Another blast came from the whistle. "By Jove, she's going to stop!" said Cullin. "What on earth's the meaning of that?"

With prodigious shriek and roar of steam, with clinching, crunching air-brakes on the glistening tires, with sparks flying from the whirring wheels and signal-lanterns swinging at the side, No. 4 came rushing in. As the baggage-car shot by, a little group of men stood by the doorway about a recumbent figure, and the conductor whisked up his lantern and started after it. When nearly opposite the caboose the big train settled to a stop. Four pairs of strong arms lifted the prostrate figure from one car to the other. There were brief, hurried words. A lantern waved; the whistle sounded two quick blasts; No. 4 slowly started, quickly gained speed, and, almost as quickly as it came, was steaming away for Buffalo Butte, its pale lamps gleaming dimly in the gathering light. The conductor came running forward.

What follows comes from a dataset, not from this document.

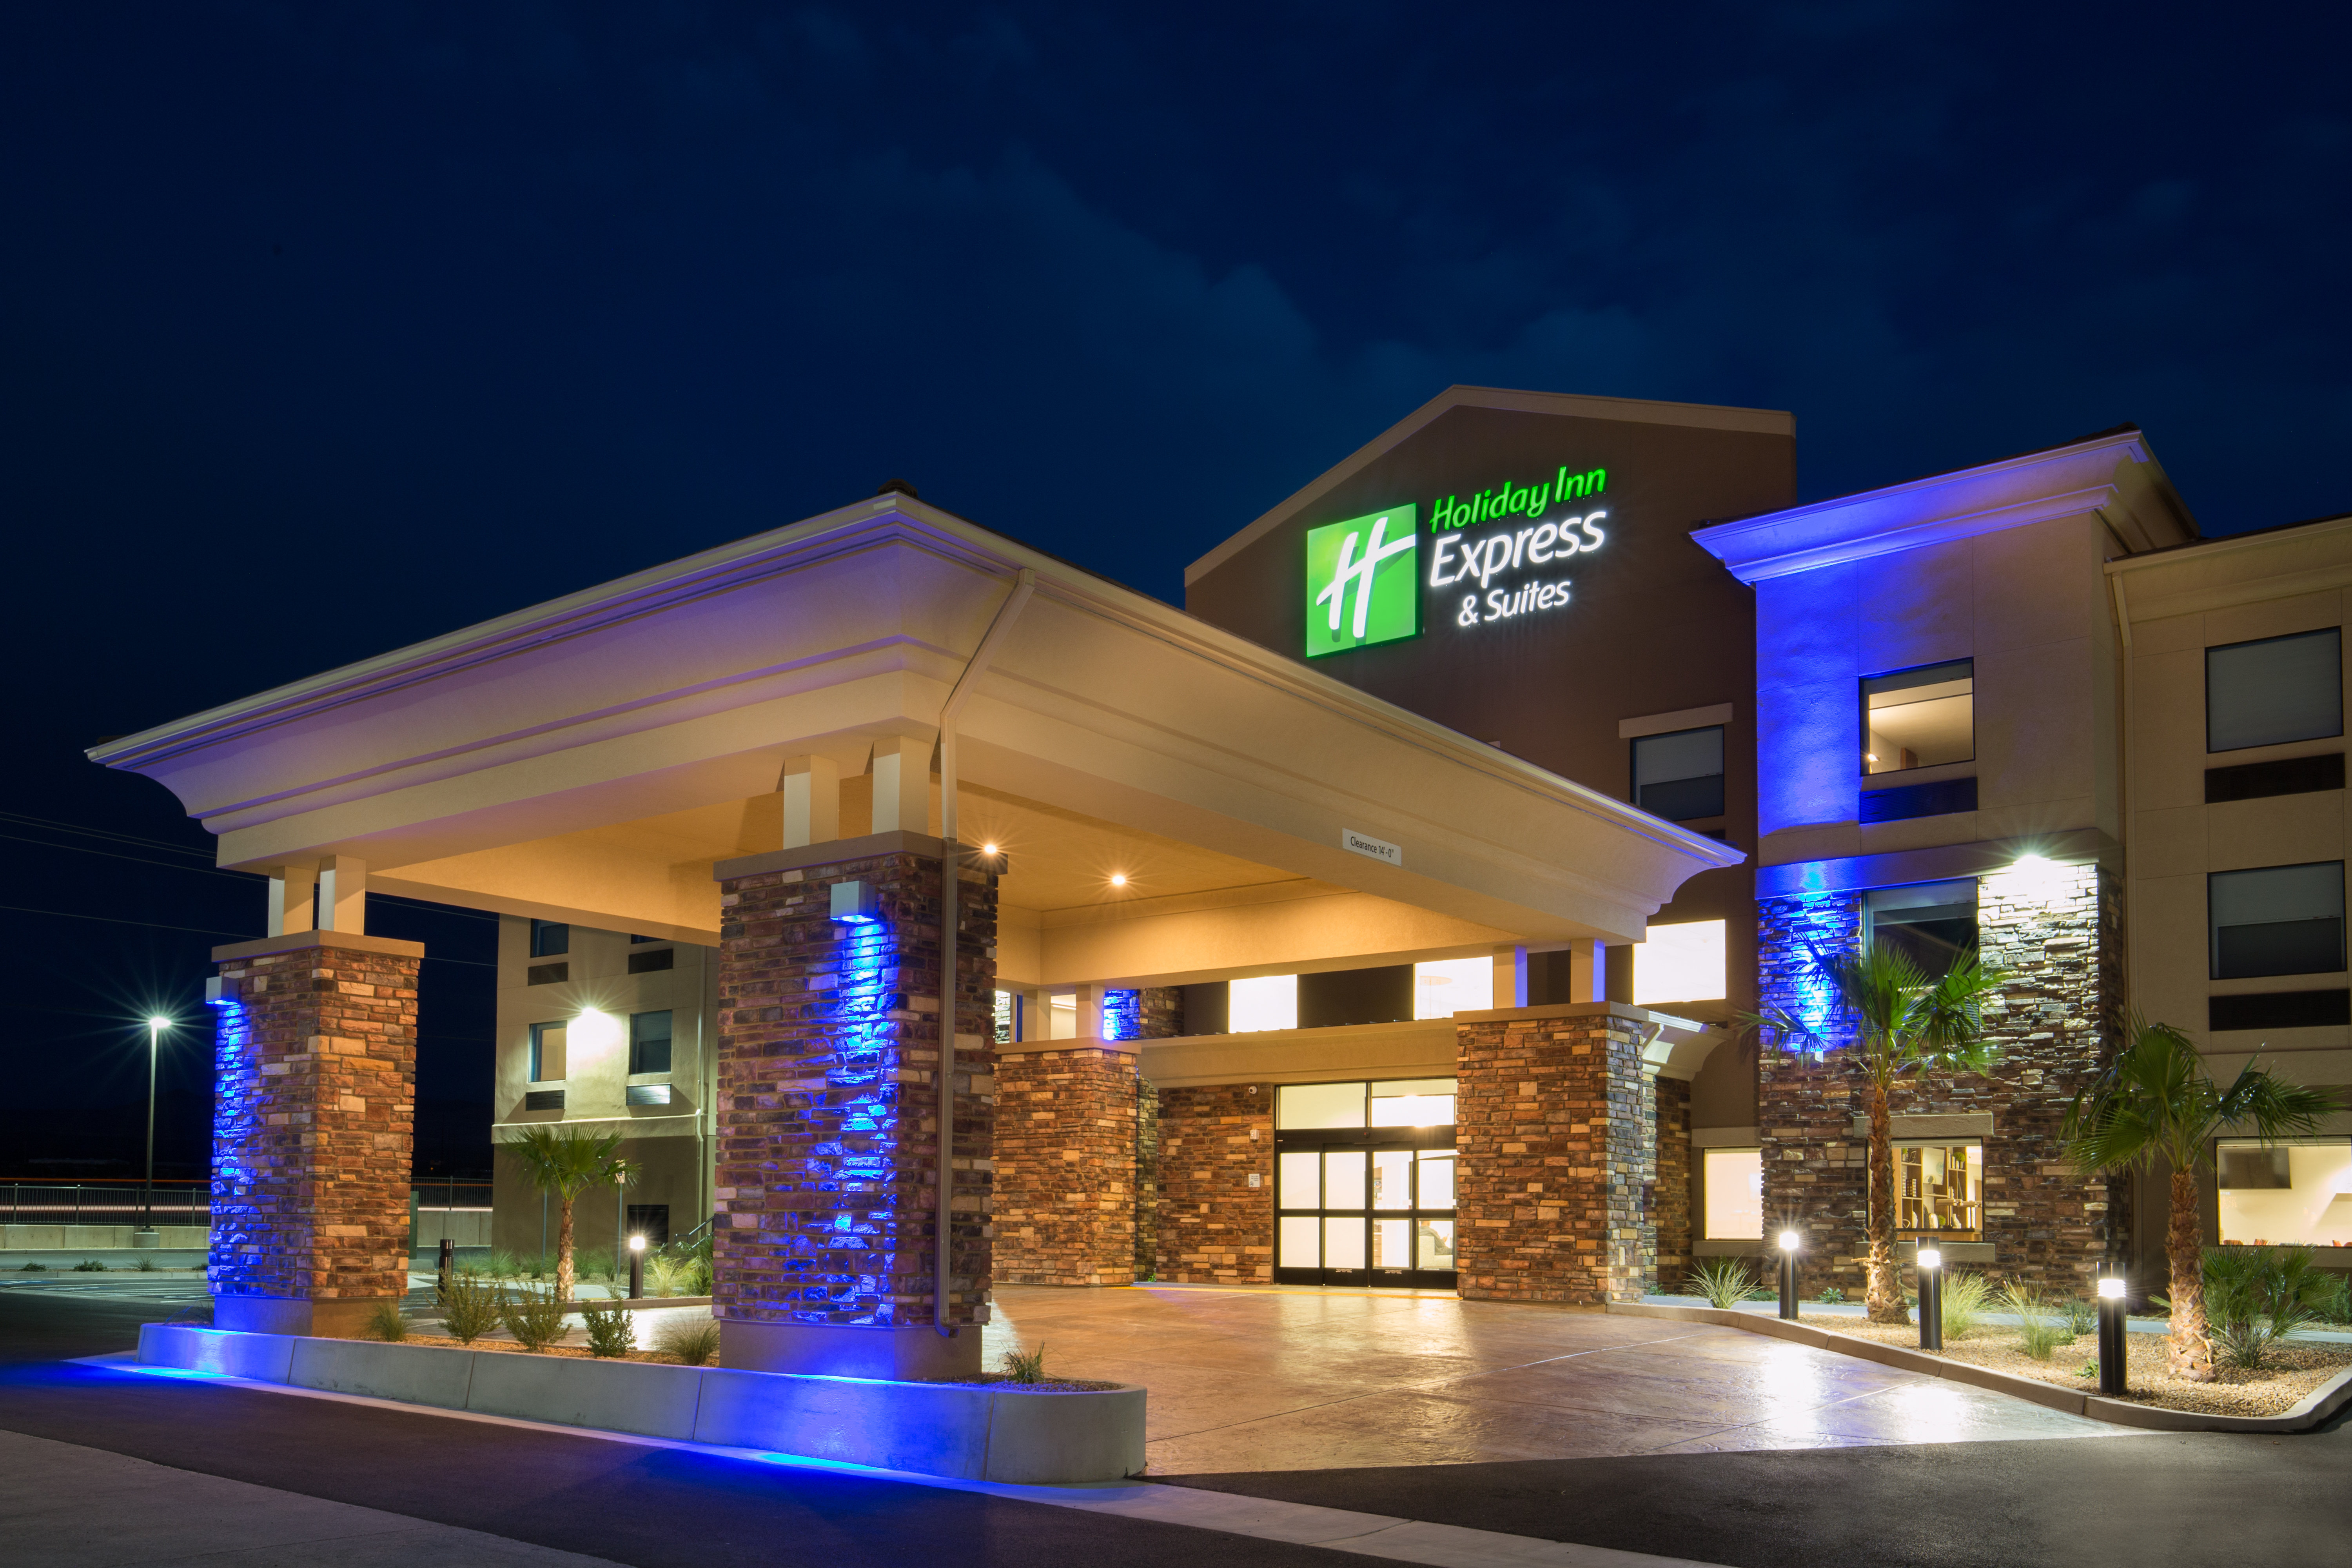 Chose our Pahrump, NV Holiday Inn Express's conventient location

"Pull out for Argenta, Ben!" he shouted. "Say, young feller, drop shovelling and come back. I've got nobody to help me, and here No. 4's loaded me with a half-dead man to be taken home. There's a row at the mines. Every man is out from Silver Shield!"


CHAPTER VI[ToC]

FIRST AID TO THE WOUNDED

Slowly, jerkily, the Time Freight began to gather headway as the big Mogul pulled, hissing loudly, from the siding to the main track, the ugly brown cars winding grudgingly after. This was before the days of mile-long freight-trains with air-brakes and patent couplers. Over the grades of the Transcontinental no engine yet had pulled more than twenty "empties." There was ever the danger of breaking in two. In the dim interior of the caboose the conductor, with Geordie Graham by his side, was bending over a battered and dishevelled form. As the rear trucks went clicking over the switch-points, the former sprang to the open doorway to see that his brakeman reset and locked the switch, and with a swift run overtook the caboose and swung himself aboard.

"I'll be up in a minute, Andy," cried Cullin to his aid, already scrambling up the iron ladder for his station on the roof. "This poor devil's battered into pulp and I can't leave him." And again he was by Graham's side—Graham who, kneeling now and sponging with cold water the bruised, hacked, disfigured face of the senseless victim, had made a startling discovery.